127.0.0.1 - - [24/Jan/2005:11:36:46 -0600] "GET /gs/forum/showthread.php?t=6 HTTP/1.1" 200 33463

I've changed the permanent and escaped the characters that I think need escaping. Can you spot anything else I'm missing here?

thanks again,

baze

edit: jd, I posted this while you were posting above. Just wanted to let you know before you responded to this. I will go over your post now. thanks.

baze22

6:16 pm on Jan 24, 2005 (gmt 0)

10+ Year Member



Although my problem isn't infinite loop related, I did get some experience with those possibilites in my testing. :)
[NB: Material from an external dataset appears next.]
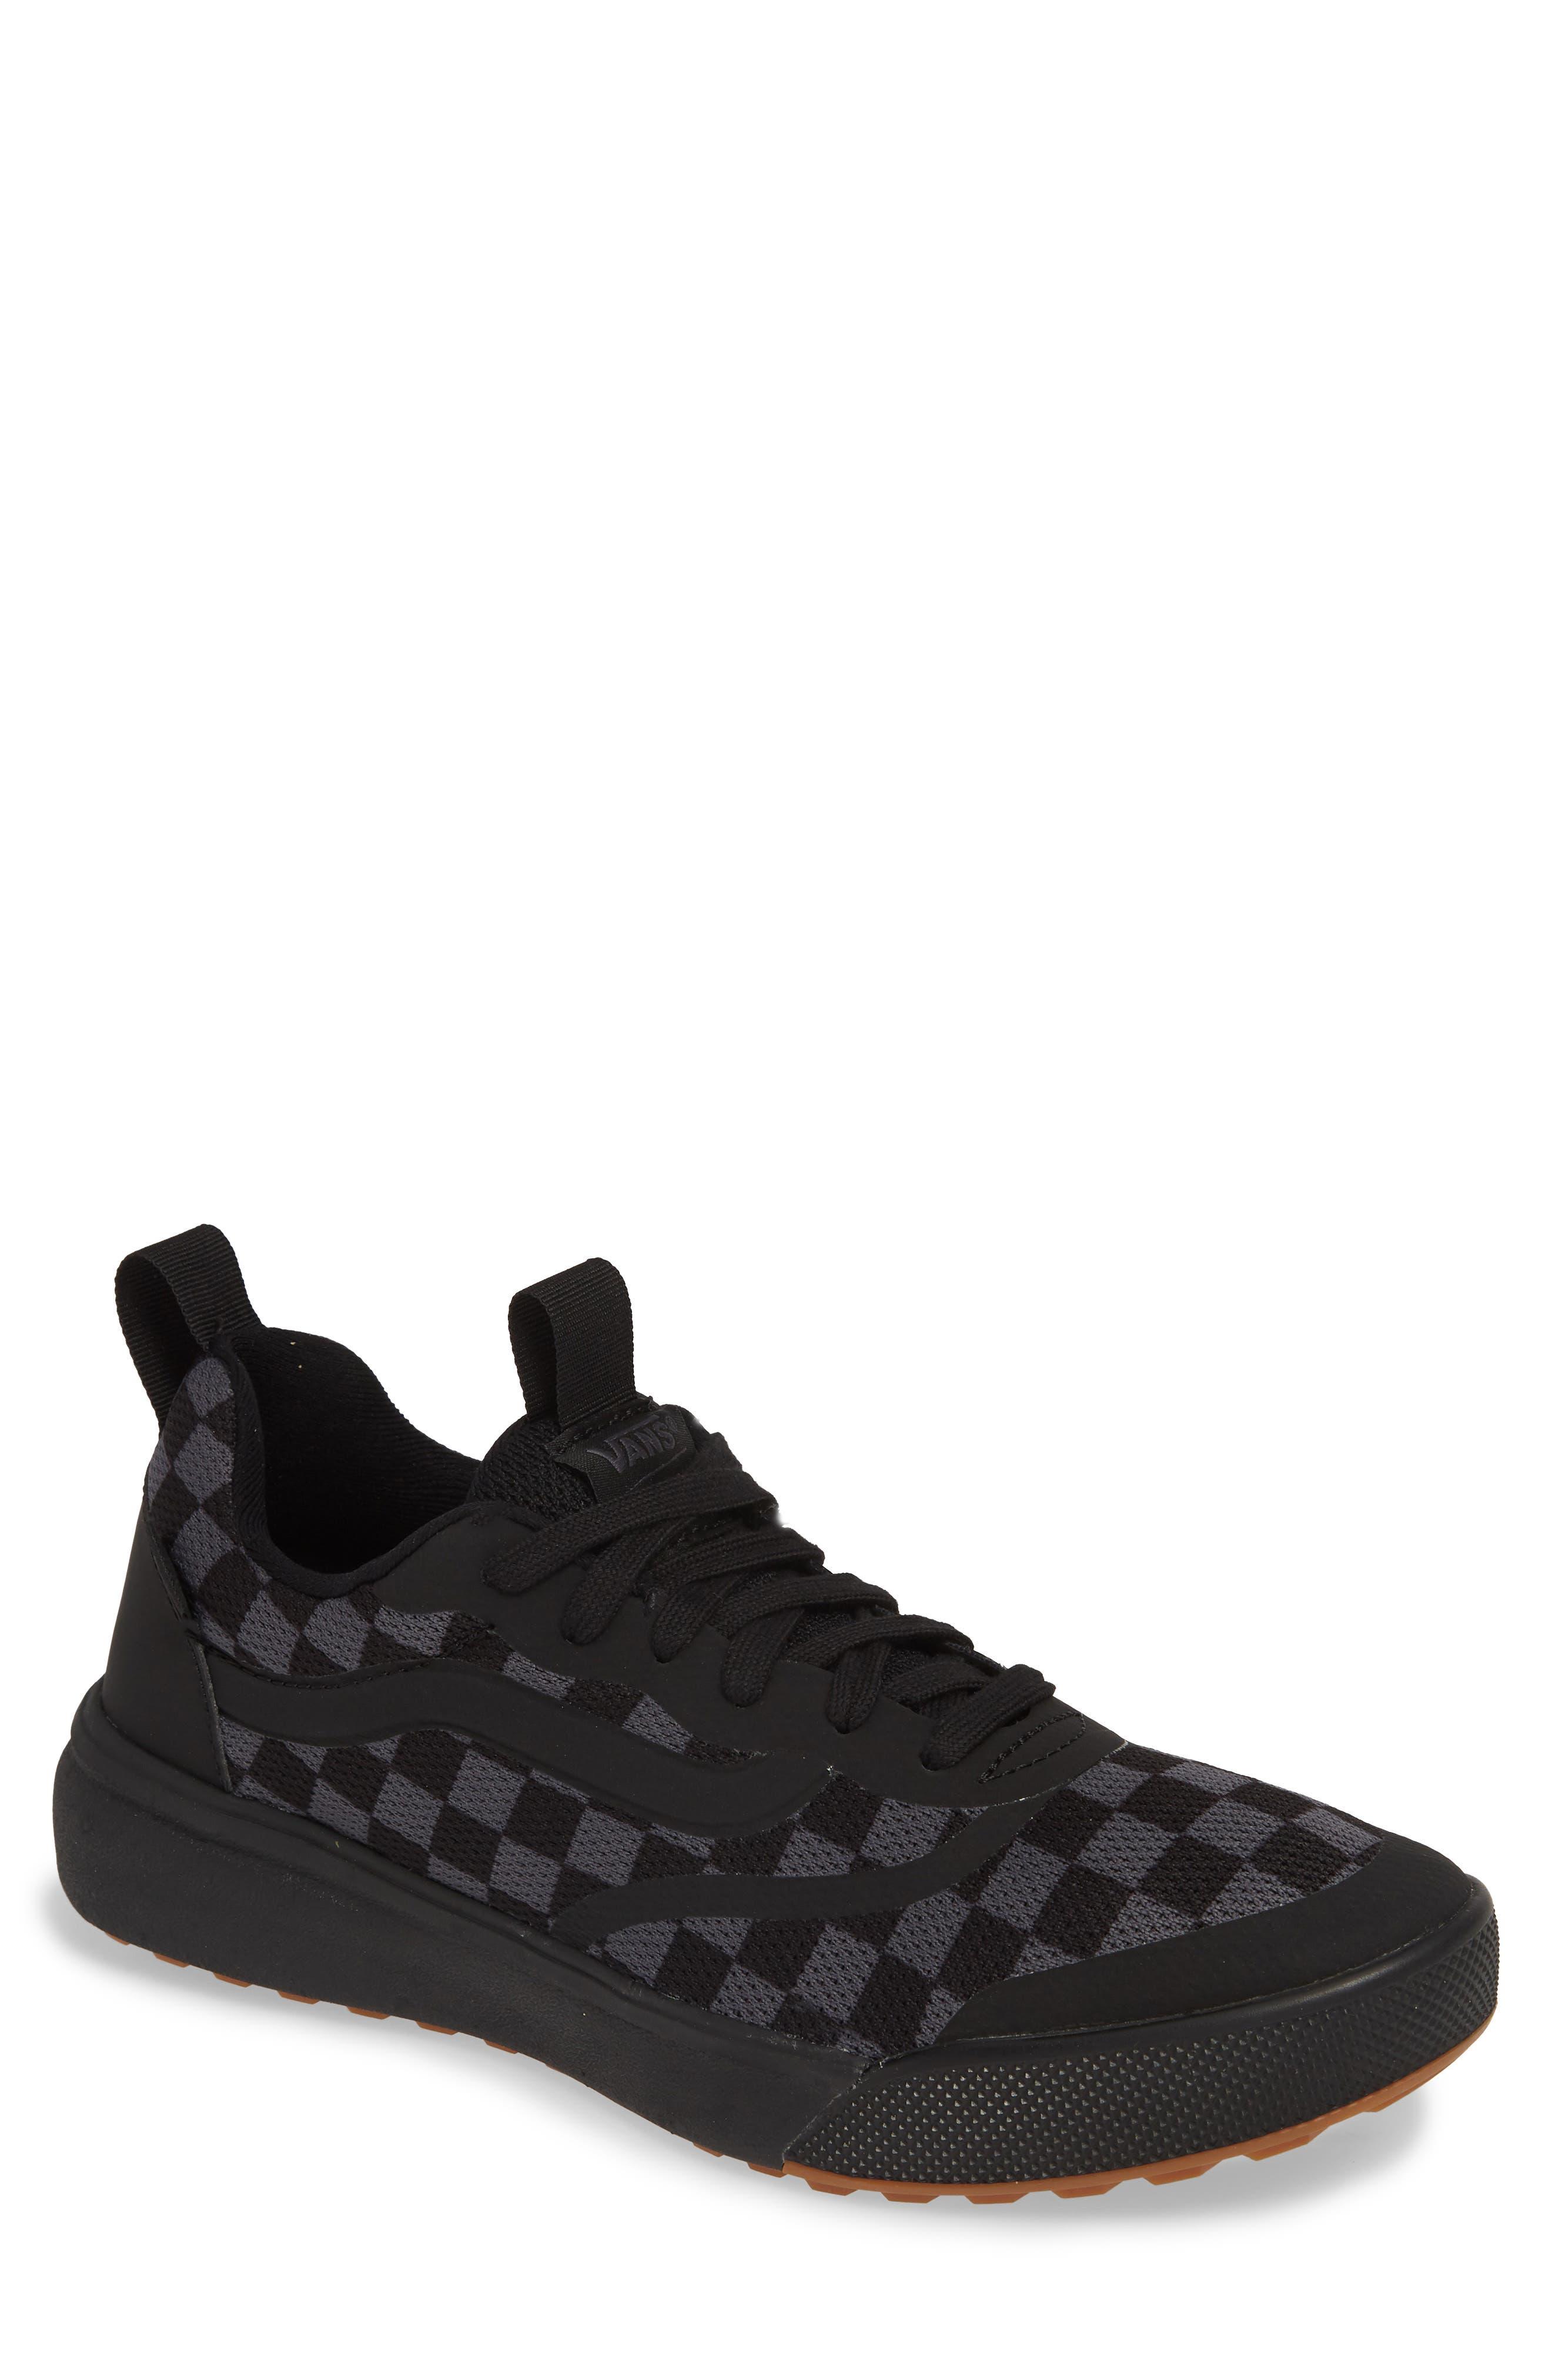 VANS UltraRange Rapidwield Sneaker, Main, color, 003

My problem is that it isn't redirecting. it just doesn't seem to be matching the condition with the '?t=([0-9]+)'. Since I'm on my testing machine the URL is:

[localhost...]

(Yes I realized that the dir is /gs/forum and I made those changes. It is /forum on production server)

I plugged yours in and still not getting any redirection from that line. Rewrite is working because this:

[localhost...]

rewrites fine.

I do appreciate the time you've taken and will be implementing the infinite loop prevention in my htaccess mods where applicable. I may not have it working yet, but I'm learning a lot. ;)

thanks,

baze

edit: this is what I'm trying now:

RewriteEngine On
Options +FollowSymLinks
# If the client requests a dynamic URL, externally redirect the client to a static URL
RewriteCond %{THE_REQUEST} ^[A-Z]+\ /gs/forum/showthread\.php?t=([0-9]+)\ HTTP/
RewriteRule ^showthread\.php$ http://localhost/gs/forum/t%1.html [R=301,L]
#
# Internally rewrite static URLs to the page display script
RewriteRule ^t([0-9]+)\.html$ /gs/forum/showthread.php?t=$1 [L]

jdMorgan

6:28 pm on Jan 24, 2005 (gmt 0)

WebmasterWorld Senior Member 10+ Year Member



This may be it... I forgot to escape the literal "?" in the RewriteCond:

Options +FollowSymLinks
RewriteEngine on
#
# If the client requests a dynamic URL, externally redirect the client to a static URL
RewriteCond %{THE_REQUEST} ^[A-Z]+\ /forum/showthread\.ph[b]p\?t[/b]=([0-9]+)\ HTTP/
RewriteRule ^showthread\.php$ http://www.example.com/forum/t%1.html [R=301,L]
#
# Internally rewrite static URLs to the page display script
RewriteRule ^t([0-9]+)\.html$ /forum/showthread.php?t=$1 [L]

Jim

valder

6:42 pm on Jan 24, 2005 (gmt 0)

10+ Year Member



RewriteCond %{THE_REQUEST} [b]^[A-Z]+\ /forum[/b]/showthread\.php\?t=([0-9]+)\ HTTP/

I don't get what the back-slash and space does, is it a typo? If not, could you please explain? I thought spaces weren't allowed with mod_rewrite regex.

baze,
I didn't know that R=permanent was valid syntax, but you're right, it obviously is. I seem to learn something new every day, and I love it. Thanks. :)

Eivind

baze22

6:44 pm on Jan 24, 2005 (gmt 0)

10+ Year Member



Thank you very much. That fixed it.

I appreciate your time,

baze

valder

6:53 pm on Jan 24, 2005 (gmt 0)

10+ Year Member



One thing regarding debugging that I find very handy, is a simple server-side script that outputs the processed values, so it makes it easier to spot errors instead of having to guess what comes out or looking in the server log all the time.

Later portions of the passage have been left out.